[Stored data]
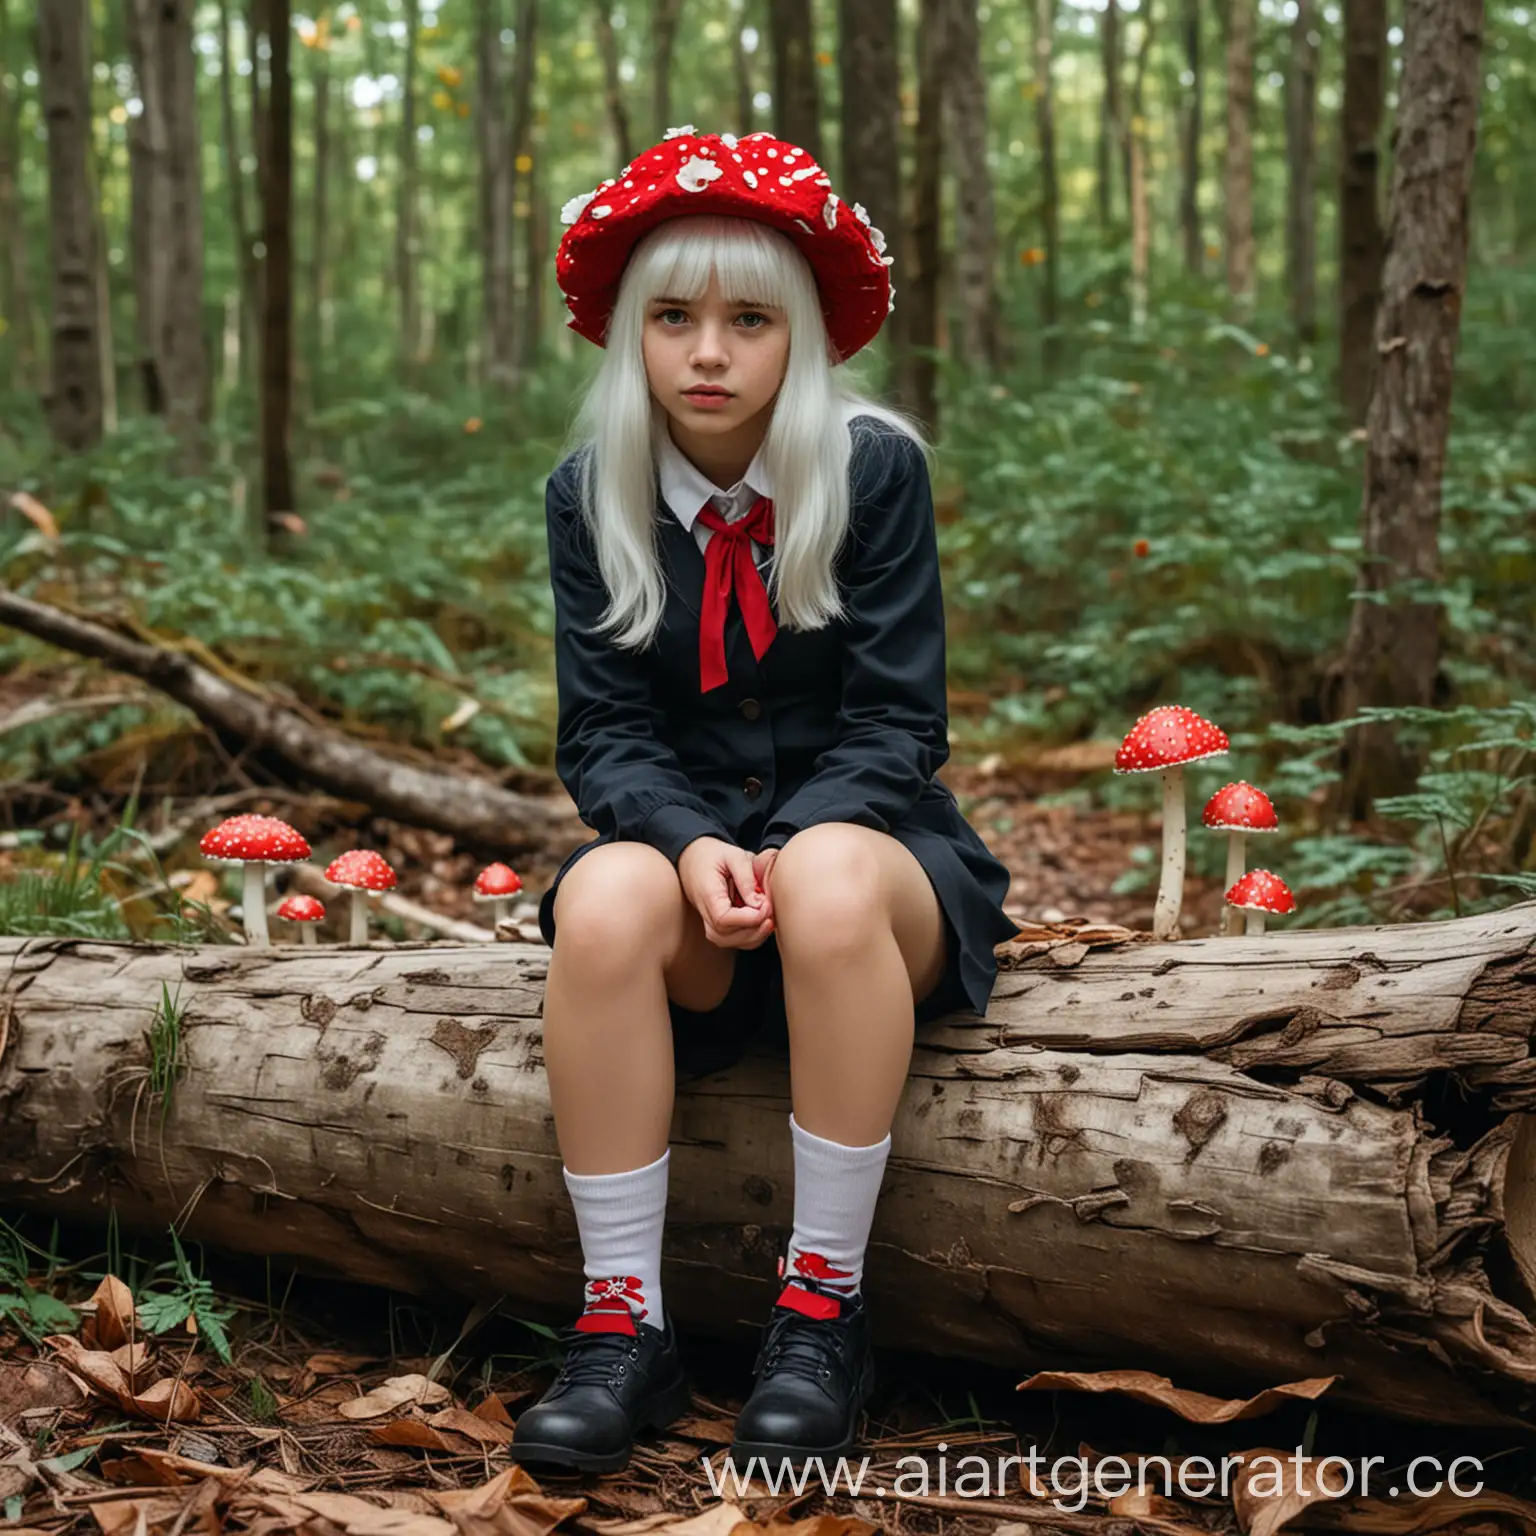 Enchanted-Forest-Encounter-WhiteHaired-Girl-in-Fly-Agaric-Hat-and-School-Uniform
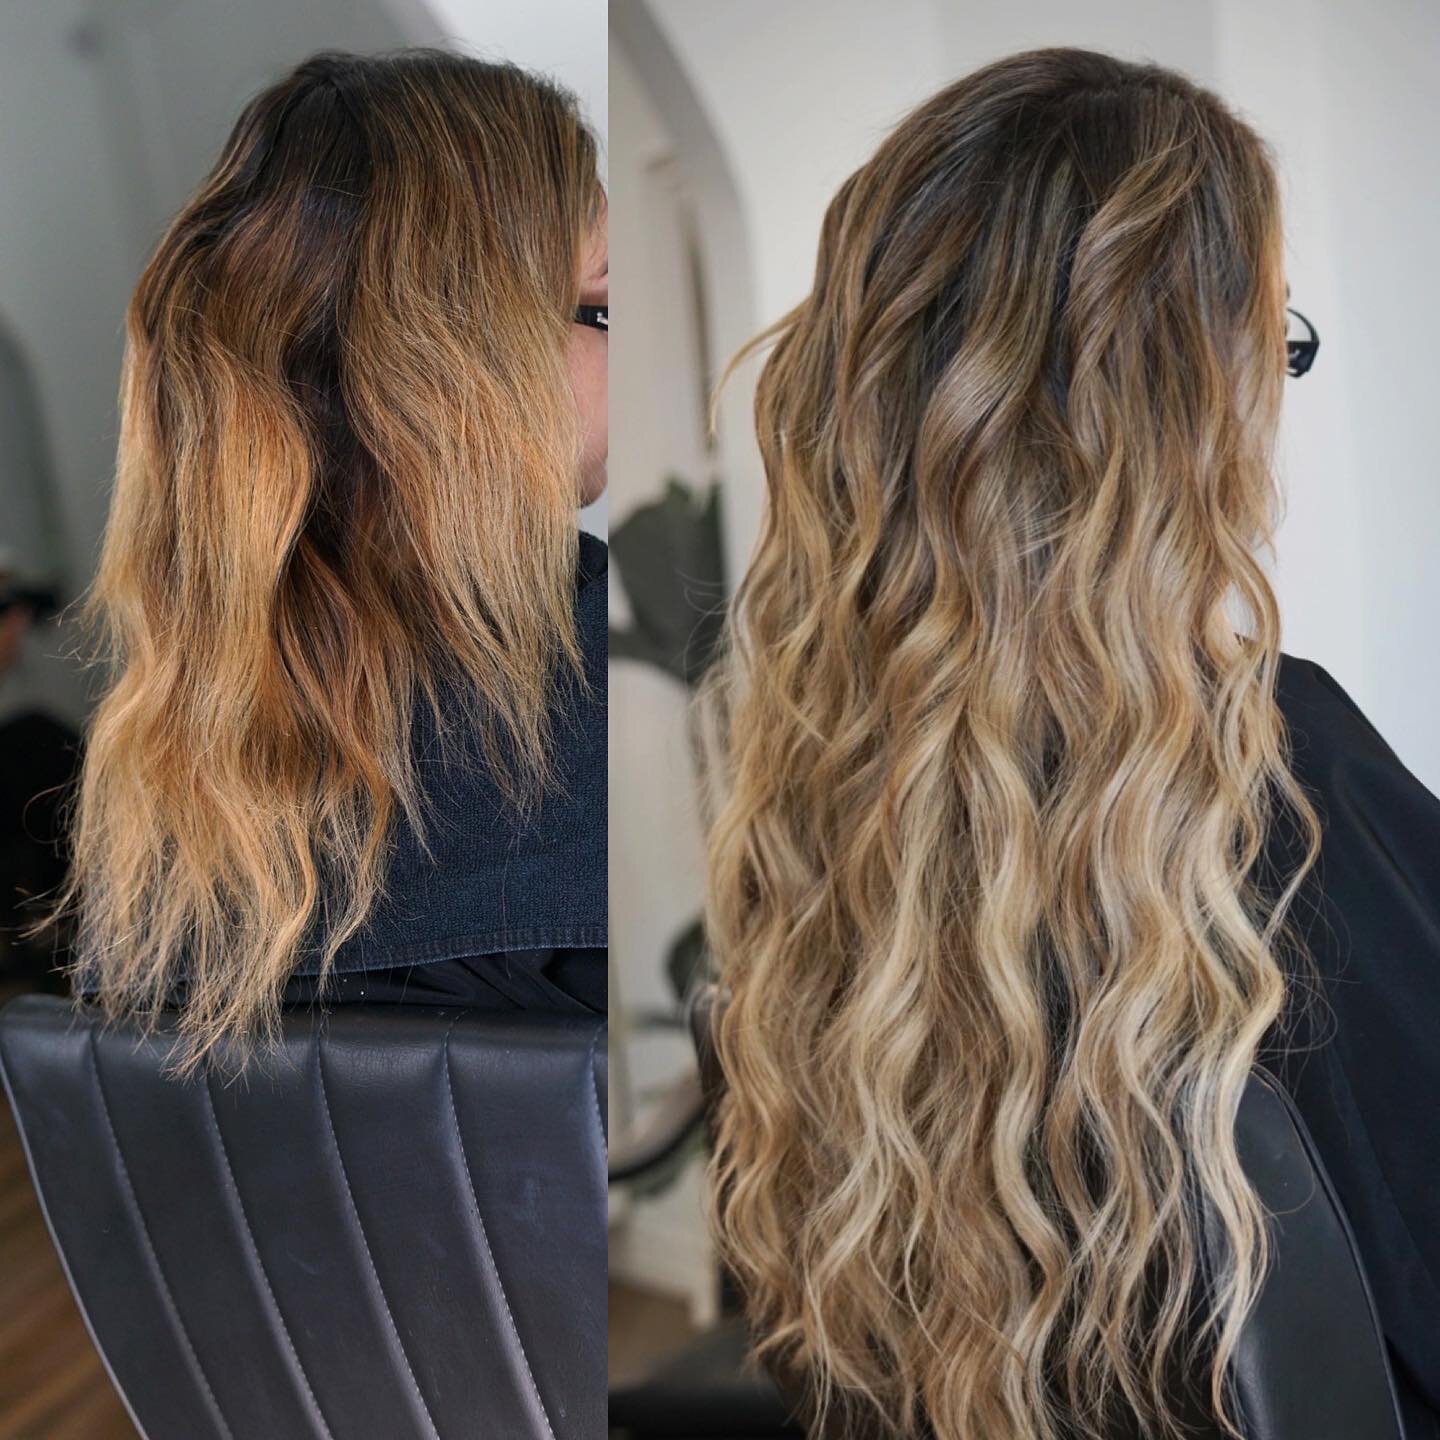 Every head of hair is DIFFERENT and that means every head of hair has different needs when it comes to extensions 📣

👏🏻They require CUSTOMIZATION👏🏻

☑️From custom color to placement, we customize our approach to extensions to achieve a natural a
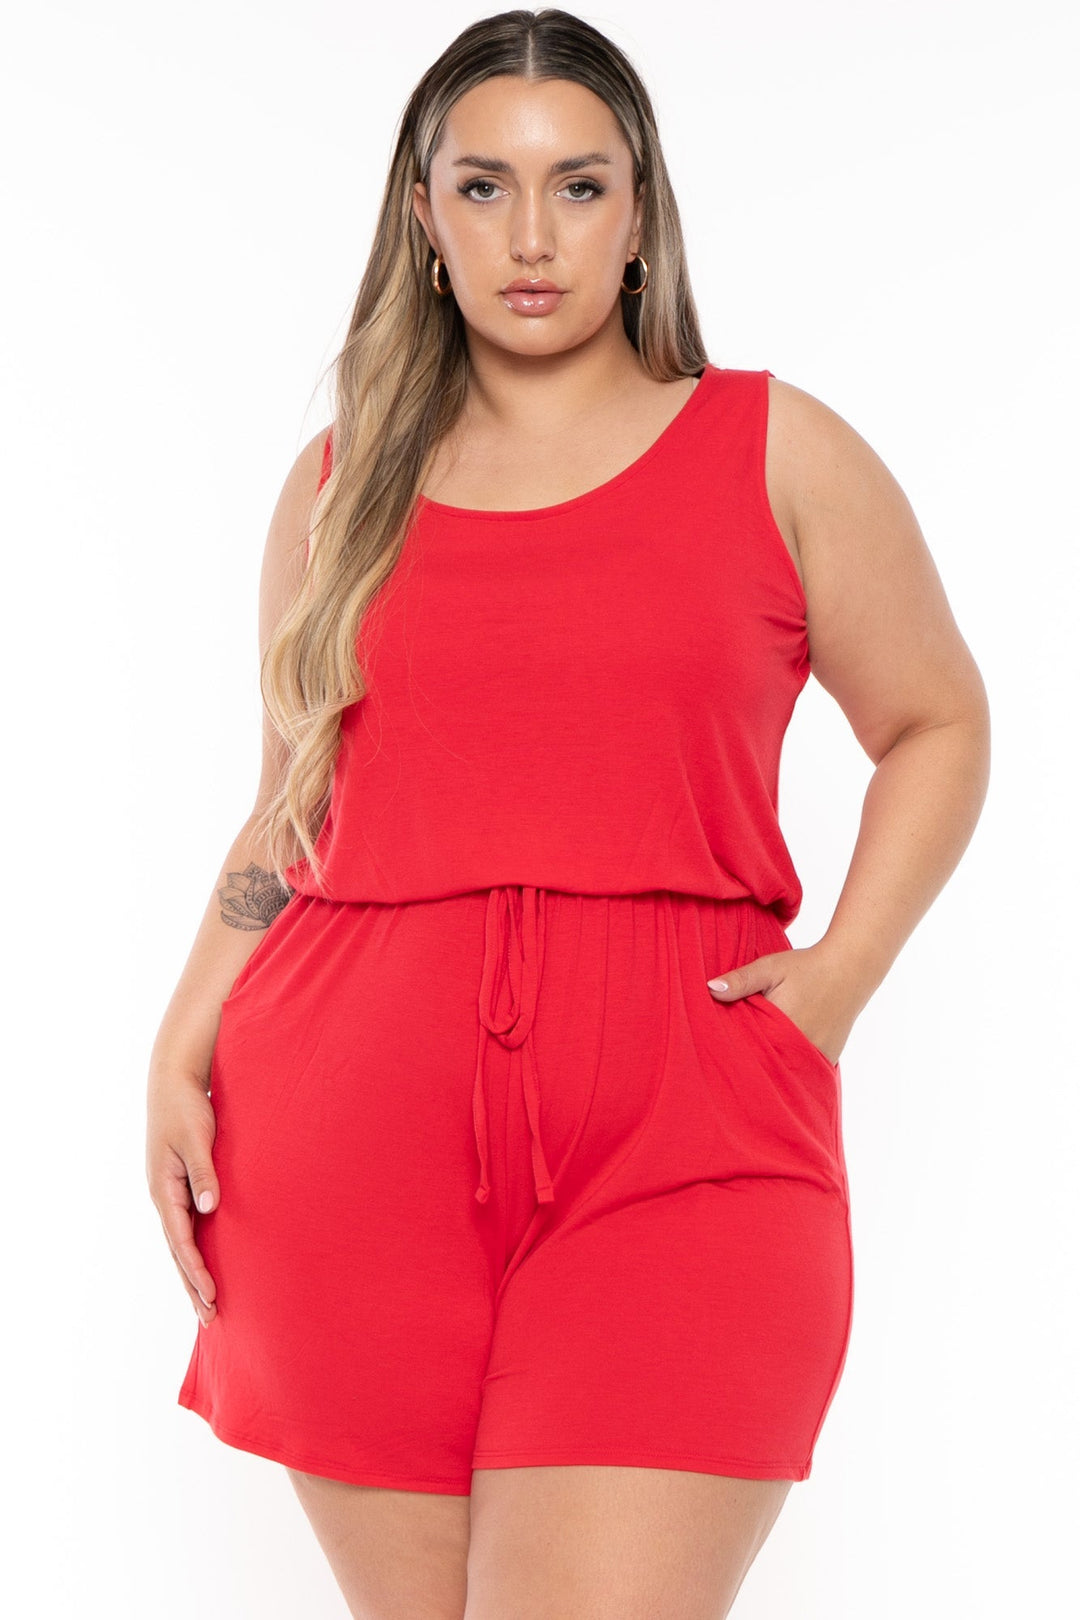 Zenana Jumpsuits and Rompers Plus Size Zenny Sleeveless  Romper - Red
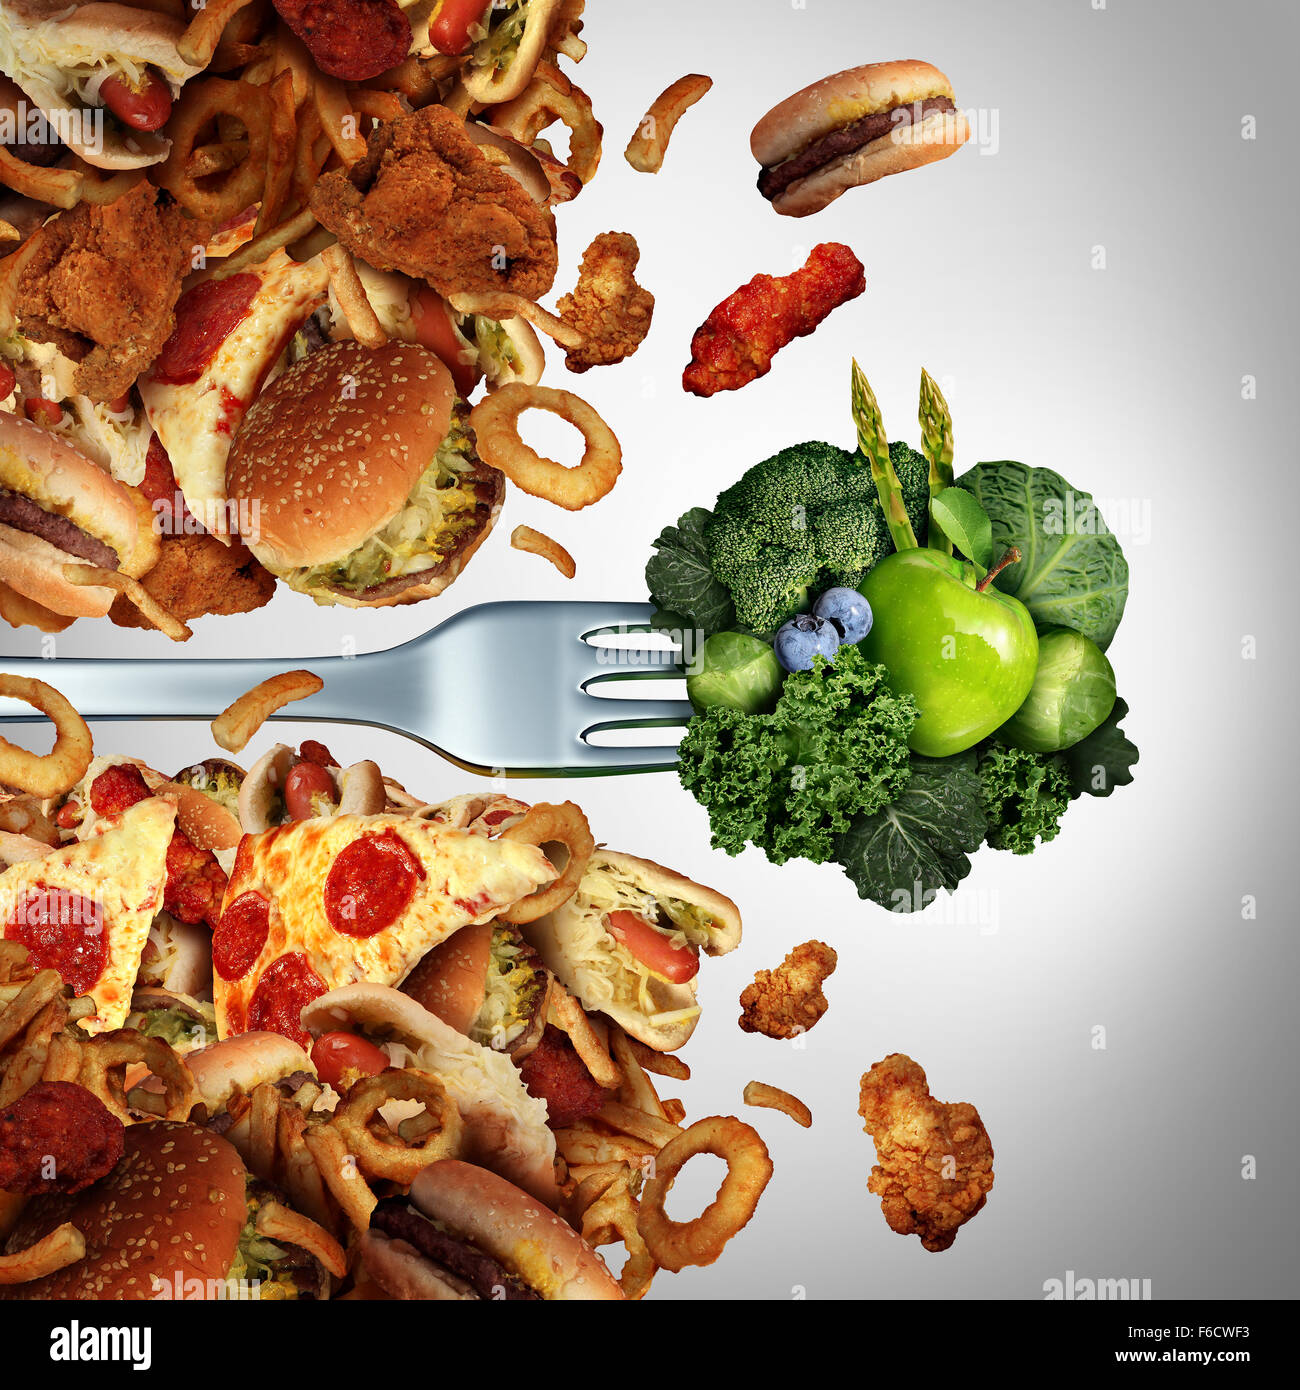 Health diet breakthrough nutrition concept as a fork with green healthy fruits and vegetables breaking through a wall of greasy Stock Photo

__Your instructions__
Could you reproduce every record above exactly, leaving out any pictures?

__Solution__
 Enchanted-Forest-Encounter-WhiteHaired-Girl-in-Fly-Agaric-Hat-and-School-Uniform
 Every head of hair is DIFFERENT and that means every head of hair has different needs when it comes to extensions 📣

👏🏻They require CUSTOMIZATION👏🏻

☑️From custom color to placement, we customize our approach to extensions to achieve a natural a
 Zenana Jumpsuits and Rompers Plus Size Zenny Sleeveless  Romper - Red
 Health diet breakthrough nutrition concept as a fork with green healthy fruits and vegetables breaking through a wall of greasy Stock Photo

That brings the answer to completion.